Eu perdi o emprego no cada vez
mais longínquo ano de 2017. Com muito tempo livre, senti que era hora de
colocar em prática o que estava aprendendo no curso de pós-graduação de
Ciências Políticas que fazia na época. Resolvi que era hora de participar das sessões
abertas de debate da Câmara dos Vereadores de São Paulo e o tema da primeira
sessão marcada era a privatização do Autódromo de Interlagos. Sou uma pessoa
que não tem opinião formada sobre o assunto privatização. O motivo é simples,
para mim se trata de um assunto que não existe. Não faz sentido uma pessoa se
dizer a favor ou contra privatizações sem que ela saiba o quê estão querendo
privatizar. O impacto social da privatização do Parque do Ibirapuera é
totalmente diferente do impacto social da privatização do Sambódromo, por
exemplo. A grande farsa do debate geral é que ele cria a ideia de que alguém
deve ser a favor da privatização de tudo ou contra privatizar tudo, esvaziando
o debate.
Disposto a contribuir e com
tempo, estudei um pouco o assunto para a sessão. Descobri, por exemplo, que em
2017, dos vinte autódromos que recebiam corridas da Fórmula 1, dezessete eram
públicos. As exceções eram o autódromo dos EUA, que pertence a um milionário do
petróleo texano, o autódromo de Suzuka, que pertence a Honda, e mais um que não
me lembro. A Fórmula 1, devido aos gigantescos custos que exige, tornou-se
basicamente uma categoria “estatal”. É por isso que cada vez mais surgem na
categoria corridas em países sem tradição no esporte que usam o evento para divulgar
o local, quase como um projeto estatal. Bahrein, Turquia, Rússia, Malásia,
Azerbaijão, Emirados Árabes, entre outros. Uma semana antes da sessão, o então
prefeito João Doria foi a Abu Dhabi para divulgar seus projetos de privatização
na cidade e foi passear no autódromo da cidade, que, segundo ele, era o grande
modelo a ser seguido na privatização de Interlagos. Estudando o assunto, fiquei
surpreso ao descobrir que o autódromo de Abu Dhabi é 100% público e dá um
prejuízo gigantesco para o país. O motivo é simples, ele não foi feito para ter
lucro, trata-se de um meio para gerar publicidade. Doria, portanto, quis usar
como exemplo um autódromo que representa o oposto daquilo que ele dizia querer.

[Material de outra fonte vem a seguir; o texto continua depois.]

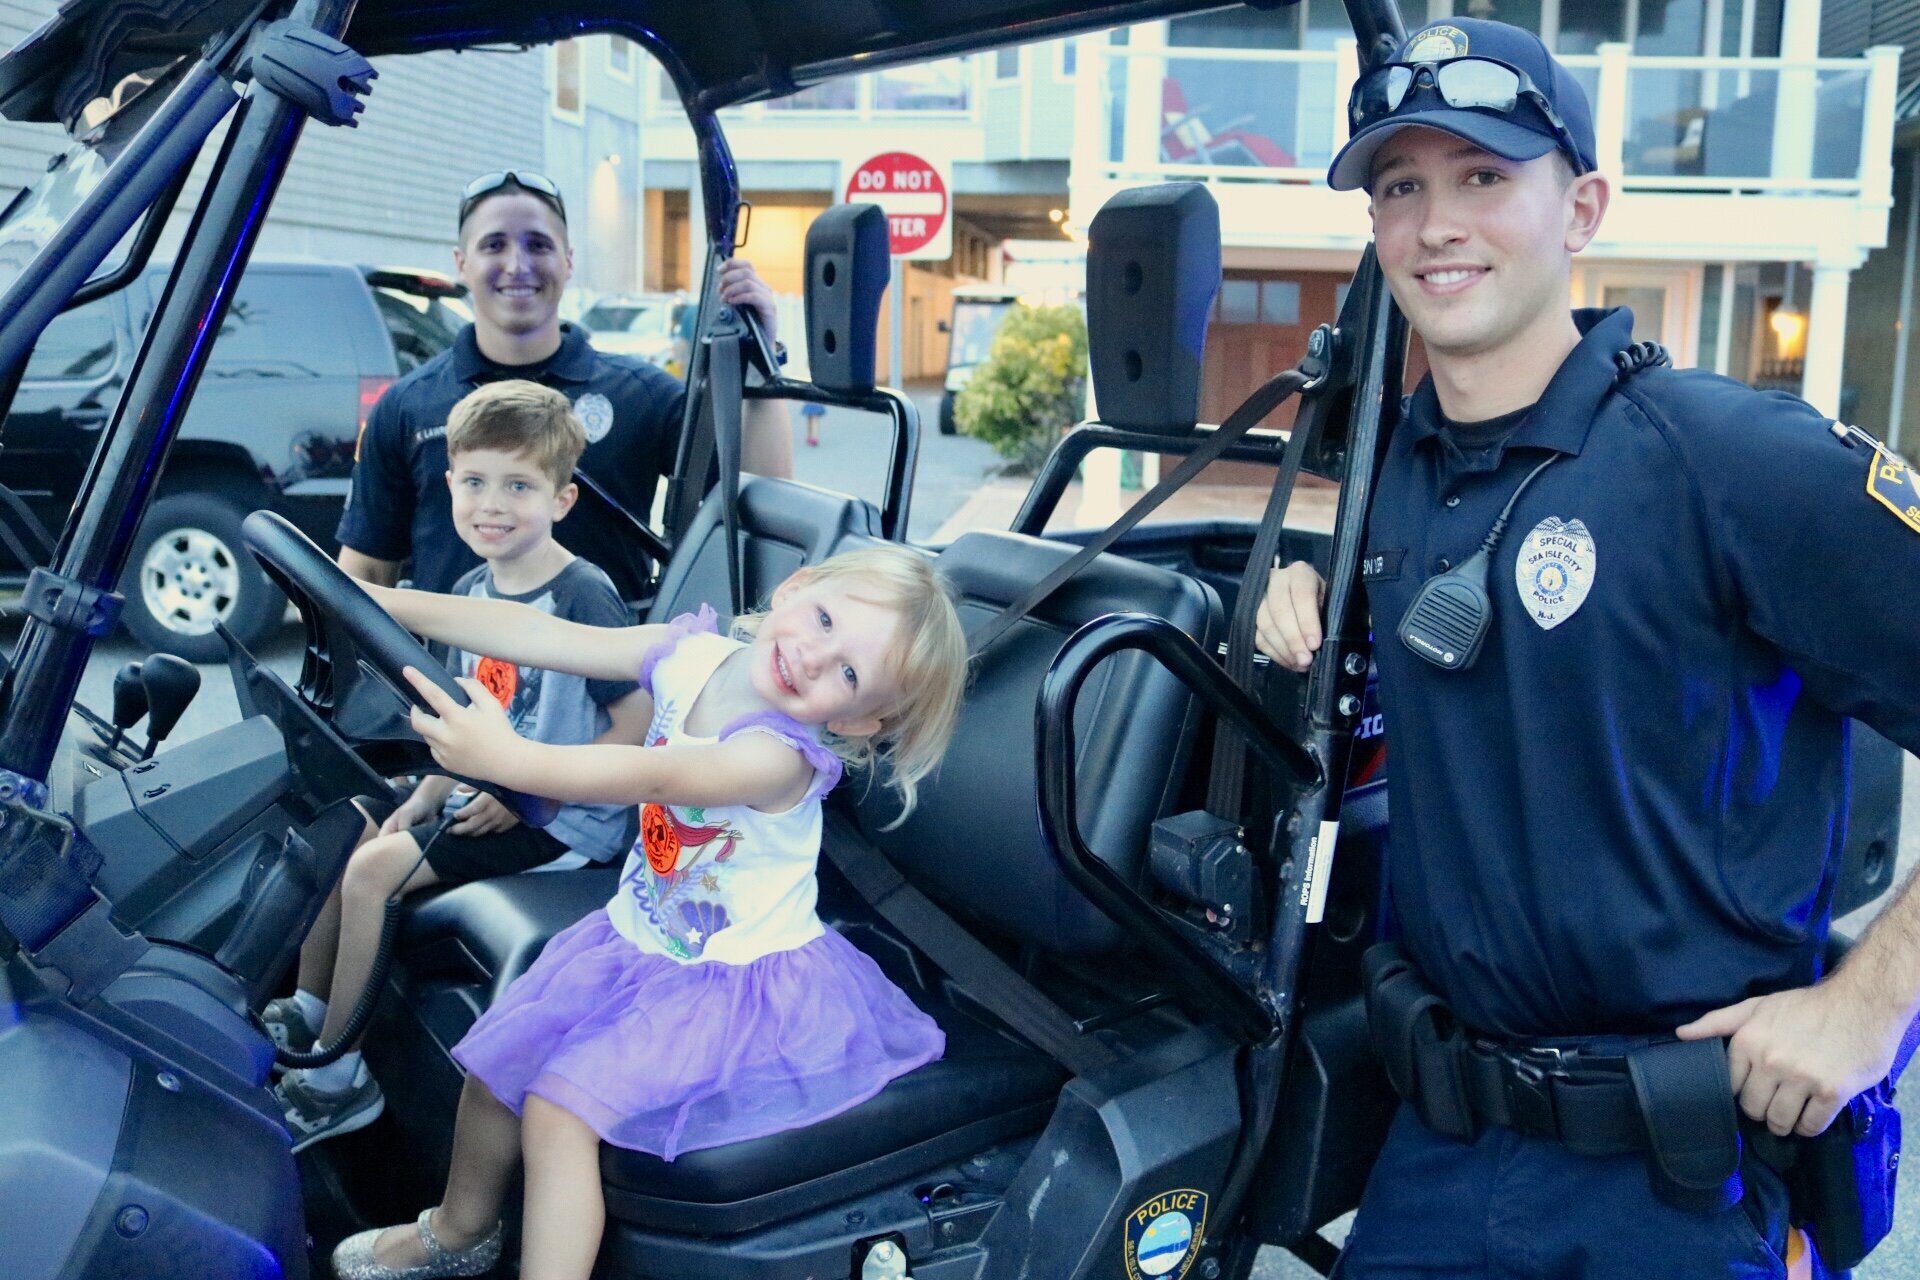 Bryce Keppler and Ella VanderNeut with Officers Kyle Lawrence and Jeffrey Snyder at National Night Out.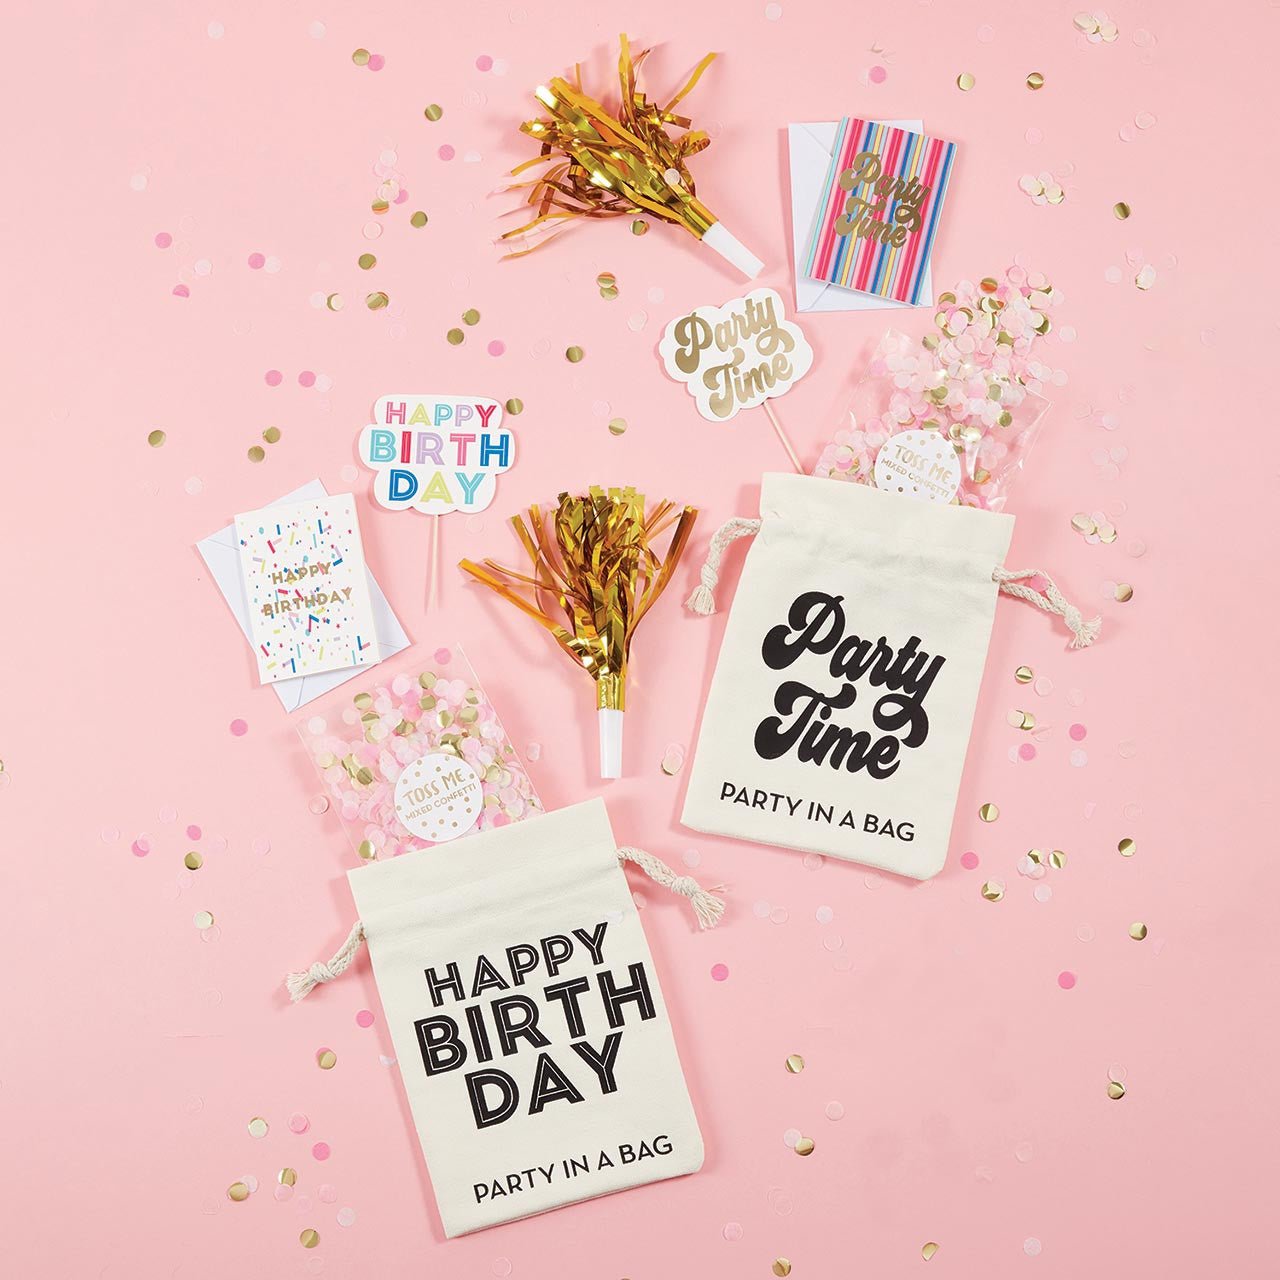 Happy Birthday Party In A Bag | Cake Topper, Confetti, Mini Card and Noisemaker

Digo dizia porquê no fundo ele não queria nada. O único objetivo de Doria na
prefeitura era autopromoção que o levasse a cargos mais altos, e ele foi
bem-sucedido em seu projeto pessoal.
Sou contra a privatização de
Interlagos, mas também sou contra a manutenção do autódromo como ele é hoje.
Acho que faria muito mais sentido socialmente transformar aquela região em
parque aberto ao público. Apenas minha opinião pessoal e que pode e deve ser
debatida. Interlagos, sem a Fórmula 1, tem resultado financeiro positivo,
basicamente com o aluguel do local para milionários que querem brincar de
corrida aos fins de semana ou com eventos como o Lollapalooza. O que dá
prejuízo ao autódromo é exatamente a Fórmula 1. Segundo especialistas, porém, o
prejuízo gerado ao autódromo pela Fórmula 1 é mais do que bancado pelo lucro
que o evento gera ao setor de turismo da cidade. A corrida é o maior evento
turístico da cidade no que se refere a dinheiro gasto (perde para a Parada Gay
em número absoluto de turistas). O verdadeiro debate sobre este assunto deveria
ser se a cidade está disposta a bancar esta espécie de subsídio ao setor de
turismo da cidade, o que acho um debate válido, aliás.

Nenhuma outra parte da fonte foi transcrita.